Last year when I began working in Elizabeth I was told that I was getting paid a starting wage that was the average for the state. It surprised me that the people I worked with that lived in Elizabeth or Craig More would claim that they were ‘doing well’ and imagined their financial life as being much better than most. They were as optimistic as Kent that they were well off.

For your information, generally speaking, these were one of the friendliest groups of people I’ve met. We’d go down to the Elizabeth Tavern after work to have a quite OJ. When I told friends from my private eastern suburb high school about the pub they’d snigger and ask questions or make assumptions about the place being seedy. Sure the carpet may have been cheaper and the aircon was being serviced (for several months) but the place was pretty nice and the pool table was in mint condition. Oh, and the blokes drank the same poision as the easterners drink in their smokier, more crowded, sluttier eastern pubs.

I digress though. The glass floor mentality continues. There are also other people who live in nicer houses than Kent, who probably think Kents place is below average and they would probably be at pains to associate with anyone who lives like him, in that level of ‘poverty’.

I find it blindingly clear that this mentality is plain stupid. It is also rude and wrong and so 18th century to judge someone on something so insignificant as their social status.

I was just watching Billy Joel on Andrew Denton.
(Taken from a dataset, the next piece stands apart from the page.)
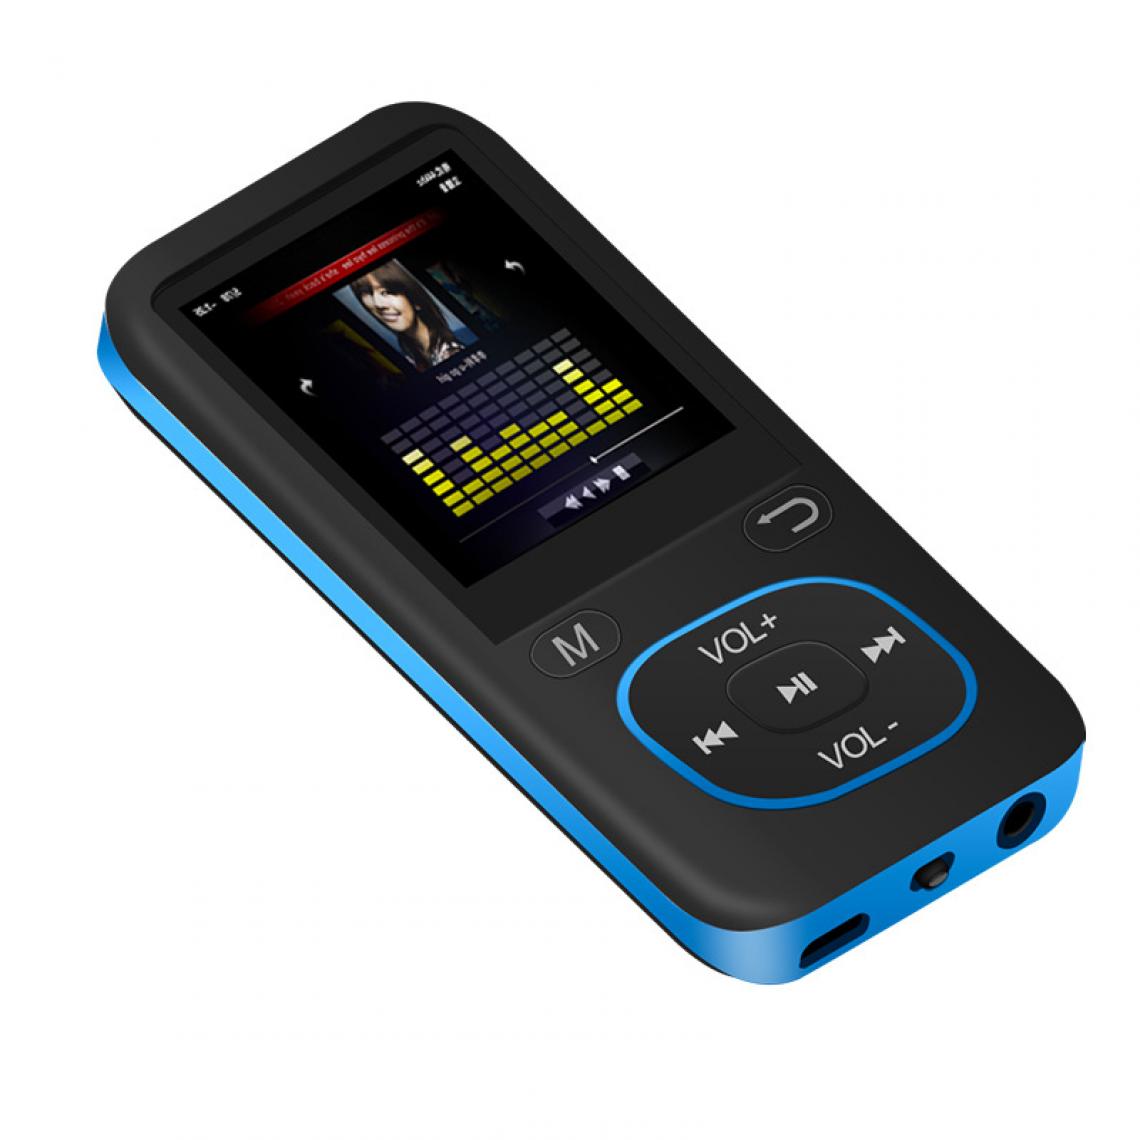 Universal - Magnétophone numérique professionnel haute définition réduction du bruit musique MP3 lecteur vidéo FM radio livre électronique enregistreur audio | Magnétophone numérique (bleu) - Enregistreur audio numérique

He was introduced as one of Australia’s most successful musicians. Growing up in Elizabeth he may not have had the fancy education that some people were given. This is evident in the way that he talks.

Would I judge the man on his habitual oral inefficiencies in English? Absolutely not! He has so much more to offer the world. I would easily trade in my education and social status for what he has.

You must take into consideration that not everyone wants to speak like an high society pommy snob. Some people find identity in using the language of their culture. Billy Joel may speak in the fashion that he does because that’s the way he wants to, not because he knows no ‘better’.

More so, with his heavy Australian accent and casual dialogue he has been able to communicate with people on a level that formally spoken Australian wouldn’t have a hope in competing with.

Maybe i’m wrong, hopefully kent wasn’t thinking like this.
The guts of the matter is that like all discrimination, this is mentality is plain stupid.